- Born: 1948 (age 77–78) Sirdaryo Region, Uzbek SSR, USSR
- Occupation: master builder
- Awards: Oʻzbekiston Qahramoni(Hero of Uzbekistan);

= Anvar Kurbanov =

Uzbek builder, craftsman, and brigade leader

Anvar Kurbanov (Uzbek: Qurbonov Anvar Sarmanovich; born 1948) is an Uzbek builder, craftsman, and brigade leader of the Mobile Mechanized Column No. 49 of the "Sir daryojamqurilish" State Enterprise in the Sirdaryo Region. In 1998, he was awarded the title of Hero of Uzbekistan.

==Biography==
Anvar Kurbanov was born in 1948 in the Guliston District of the Uzbek Soviet Socialist Republic. In 1969, he began his work as a mason in the construction company No. 60 in the Guliston District. Since 1975, he has been working as a construction master in the third mechanized column of the same district. From 1981 to 1998, he held the position of brigade chief of the mechanized column No. 49 at "Sir Daryo Jamqurilish." In 1998, he was appointed brigade chief of the SMU No. 4 in the Guliston District. In 2000, he was elected chairman of the trade union of this organization.

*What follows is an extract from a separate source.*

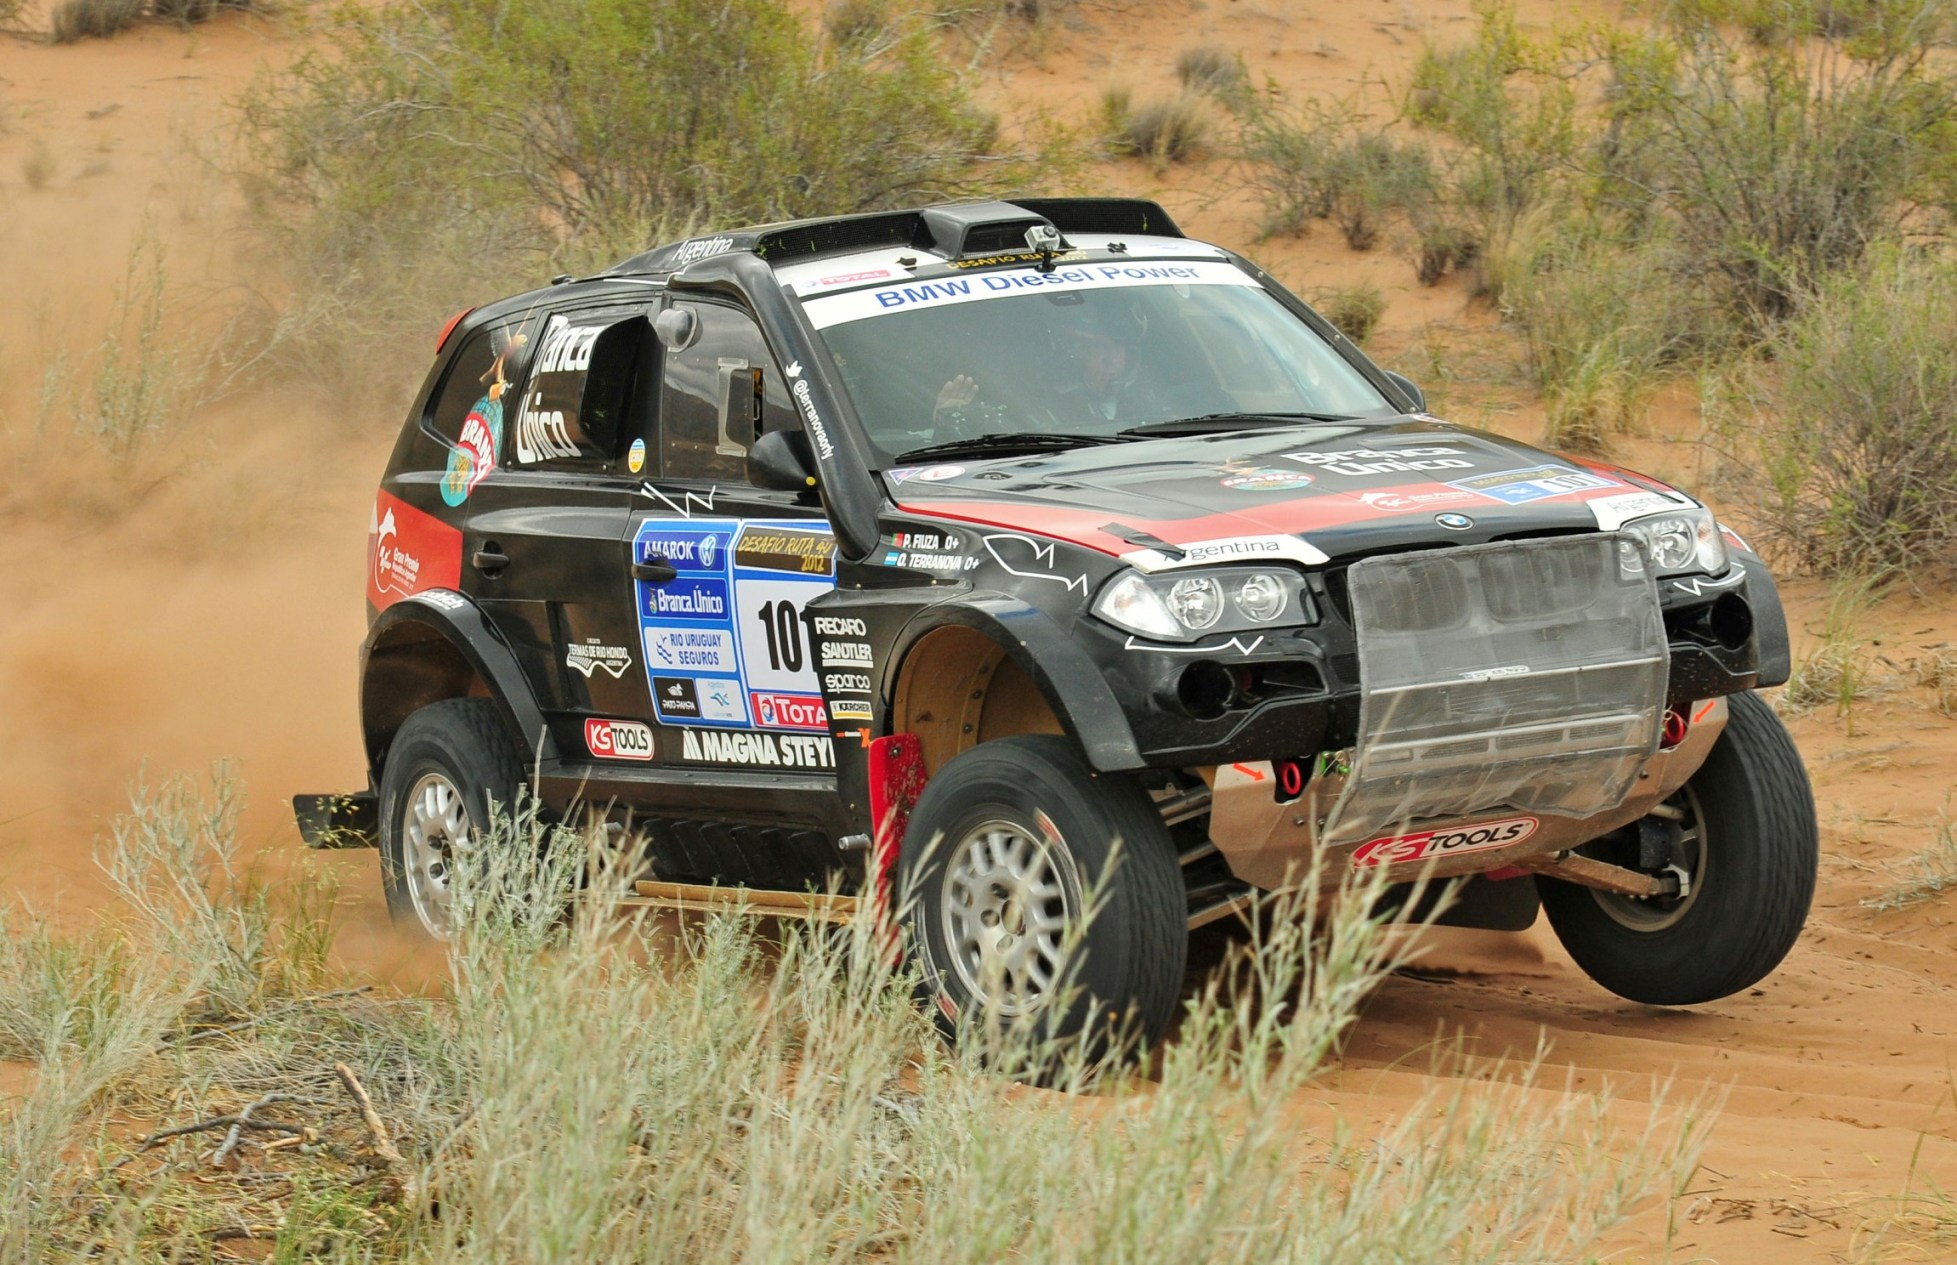 Terranova ganó antes el Litoral, ahora el Ruta 40, y lo espera el Dakar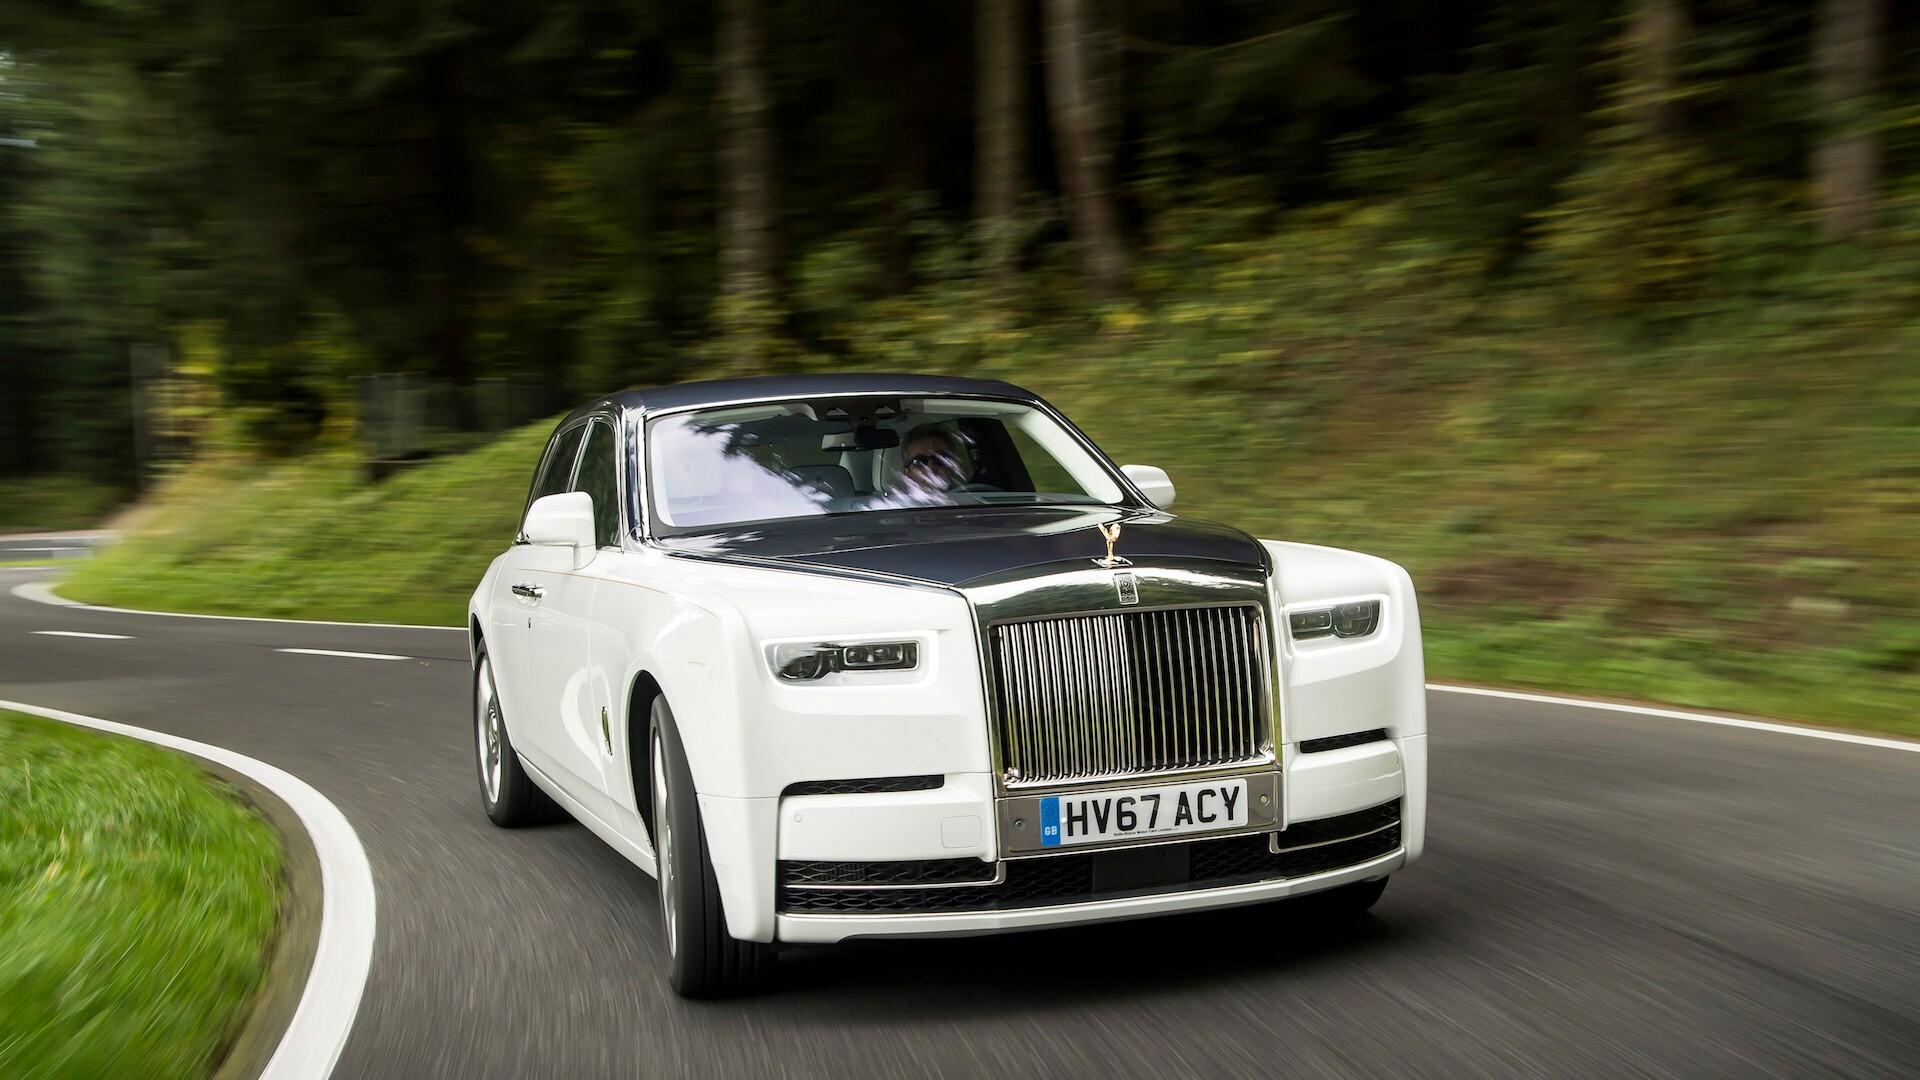 New 2018 Rolls Royce Phantom Car Hd Wallpapers

Anvar Kurbanov actively participated in the construction of many major architectural structures, such as the 5th district of Gulistan, the Center for Spirituality and Enlightenment, a swimming pool, the sports complex "Alpomish," the Boxing Palace, and the regional branch of the Central Bank of the Russian Federation.